The Spring Debugger plugin now has over 250,000 users, and your feedback has allowed us to continue improving it to help you better understand what's happening inside your Spring applications. Right after the plugin's release, the top question was "Can I debug remote applications?" We're now happy to say that the answer is: "Absolutely!"

Simply start your app with a debug port open, and then attach from the IDE. That's it – you're all set.

We've also added another highly anticipated feature: IntelliJ IDEA can now automatically connect to your database when the application starts.

Make sure to update your Spring Debugger plugin to the latest version to get these improvements and other fixes.

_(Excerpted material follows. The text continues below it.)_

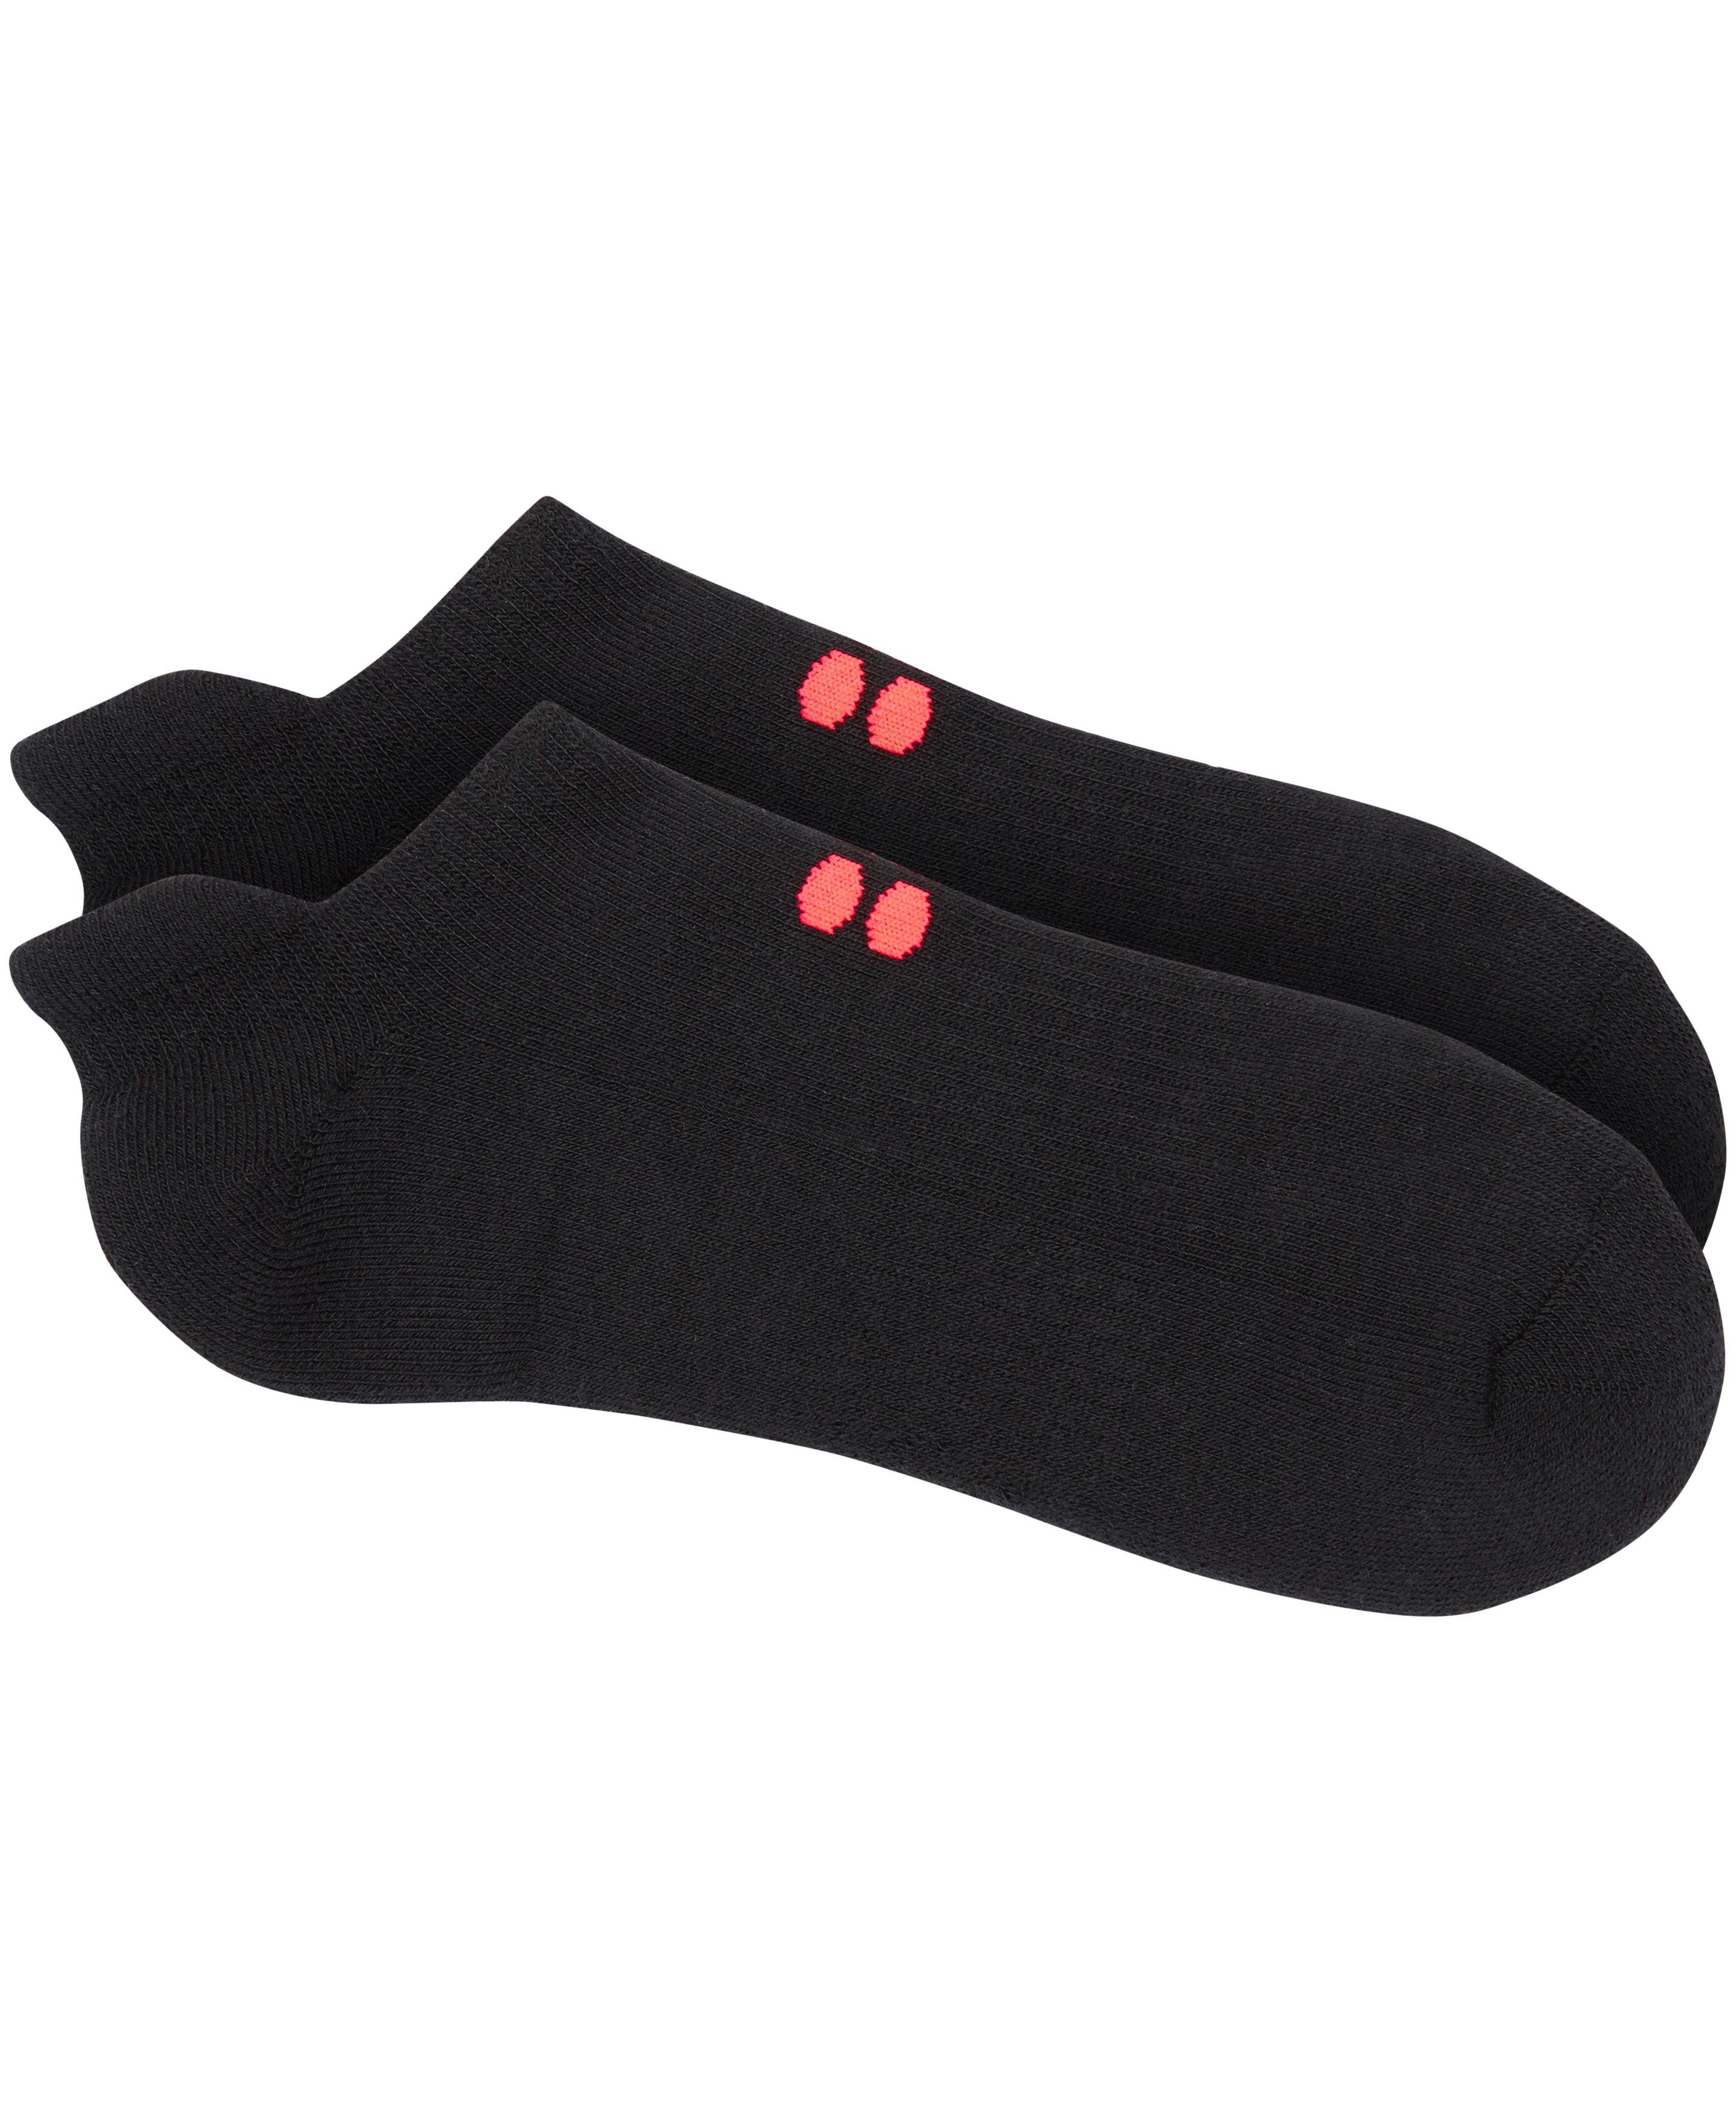 Workout Trainer Socks - black | Women's

Kubernetes experience improvements
Ultimate

Deploying databases and services just got easier, as you can write, apply, and manage everything directly in your editor.

Stay in context with the cluster and namespace selector at the top, and spot issues fast with live resource status icons. Struggling with missing env variables or failed pods? Fix them instantly with one-click logs and redeploy without leaving your manifest.

Secure your service setup with in-editor secret management. View and copy database credentials directly from your YAML.

Need to connect? Use one-click port forwarding to forward container ports, autoload secrets, and set up an instant connection to your database or service in seconds.

From deployment to debugging to connecting, everything is seamless and in one place – helping you stay focused and work smarter!

Java 25

Released in September 2025, Java 25 is the next Long-Term Support (LTS) version of the Java platform. IntelliJ IDEA has supported Java 25 from day one of its release, ensuring developers could immediately benefit from the latest language, runtime, and tooling enhancements.

In this release, we are adding the finishing touches to this support – making sure all bundled tools and libraries, including Async Profiler 4.1 and JaCoCo, are compatible with Java 25 runtimes.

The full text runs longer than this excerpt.